NEW TIMELINE OF EVENTS
UK Metropolitan Police also released a revised timeline of what they believe happened before the couple were poisoned.

*At around 12:20pm on Friday Mr Rowley and Ms Sturgess are together at John Baker House in Salisbury before leaving and visiting several shops, then heading to Queen Elizabeth Gardens.

*They return to John Baker House at around 4.20pm before catching a bus to Amesbury at approximately 10.30pm. Detectives currently believe they spent the night at an address on Muggleton Road, Amesbury.

*On Saturday ambulance crews called on the address at 10:15am, where Ms Sturgess had been taken ill and took her to hospital.

*At around midday, Mr Rowley visited Boots the chemist on Stonehenge Walk in Amesbury and then returned to his address in Muggleton Road around half an hour later.

*At around 1.45pm he visited the Amesbury Baptist Centre on Butterfield Drive and returned home at around 3pm.

*At 6.20pm the South West Ambulance Service were called back to the address on Muggleton Road and Mr Rowley was taken to hospital.

SOURCE OF NERVE AGENT HARD TO DETECT
Scientists say there’s no easy way to use technology to locate the container thought to be the source of the Novichok. Instead, there will have to be a laborious physical search of suspected sites.

Alastair Hay, Professor Emeritus of Environmental Toxicology at the University of Leeds, said told the Associated Press that is “no specific method for the detection of Novichoks in the environment” because the use of the nerve agent was not considered likely when monitors were designed.

That means authorities will have to take soil and vegetation samples from sites where it’s possible the nerve agent was present and painstakingly test the samples to see if there is any contamination.

CALLS TO RUSSIA FOR ANSWERS
British Home Secretary Sajid Javid told Parliament on Thursday that it’s time for Russia to explain “exactly what has gone on.”

“It is completely unacceptable for our people to be either deliberate or accidental targets, or for our streets, our parks, our towns to be dumping grounds for poison,” Mr Javid said.

At first authorities thought the couple might have had a bad drug reaction.

DANGERS OF NOVICHOK NERVE AGENT
Experts say just a few milligrams of the odourless Novichok liquid — the weight of a snowflake — is enough to kill a person within minutes. But finding residue before it poisons unwitting victims is the problem.

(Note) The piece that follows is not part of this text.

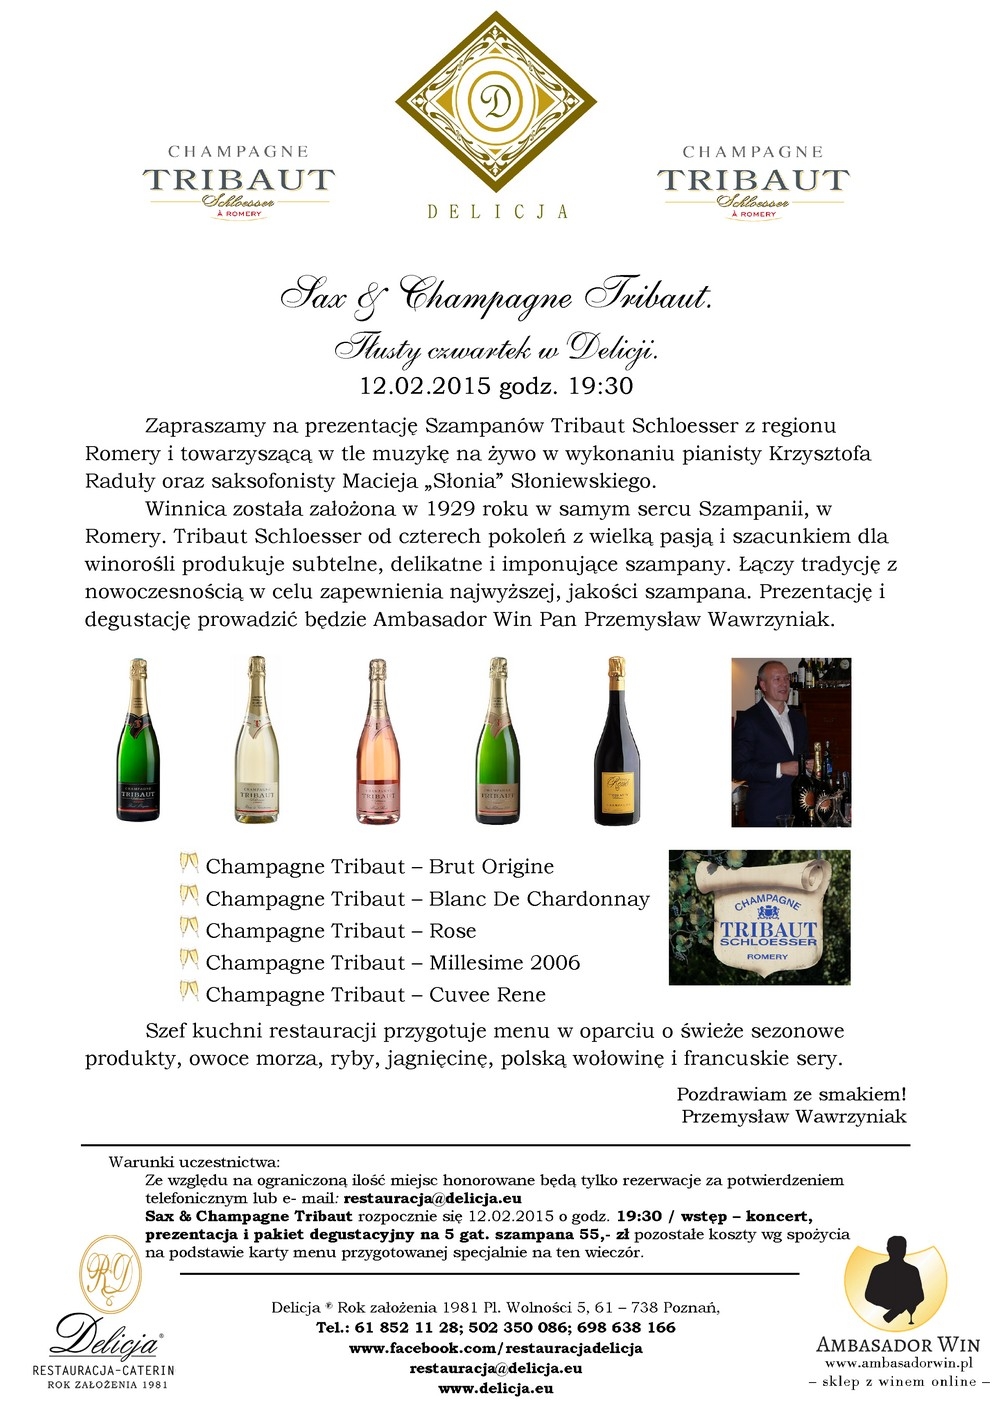 Sax & Champagne Tribaut - Tłusty czwartek w Delicji.

POLICE PROBE TO TAKE MONTHS
The UK’s Metropoiltan Police released a statement saying that the complex and fast-moving investigation involves around 100 detectives from the Counter Terrorism Network who are working around the clock alongside colleagues from Wiltshire Police.

Due to the unique challenges involved with this operation, police activity is expected to take weeks and months to complete.

The focus of the investigation remains identifying the source of the contamination as quickly as possible.

As part of this, detectives have been making a number of enquiries to trace the precise movements of the man and woman in the period prior to them falling ill.

Officers have identified and spoken to several key witnesses and are trawling through more than 1,300 hours of CCTV footage which has been collected so far.

A number of sites have been cordoned off in the Salisbury and Amesbury areas. These are believed to be the areas the man and woman visited before they fell ill. This is a precautionary measure and meticulous and systematic searches of these areas are now under way.

Officers are wearing protective equipment as they carry out their activity and protective barriers may also be installed at some of these sites.

“There is no evidence that the man and woman visited any of the sites that were decontaminated following the attempted murders of Sergei and Yulia Skripal in March this year. We are not in a position to say whether the nerve agent was from the same batch that the Skripals were exposed to,” the statement read.

“The investigation into the attempted murders of the Skripals is ongoing as detectives continue to assess all the evidence available.”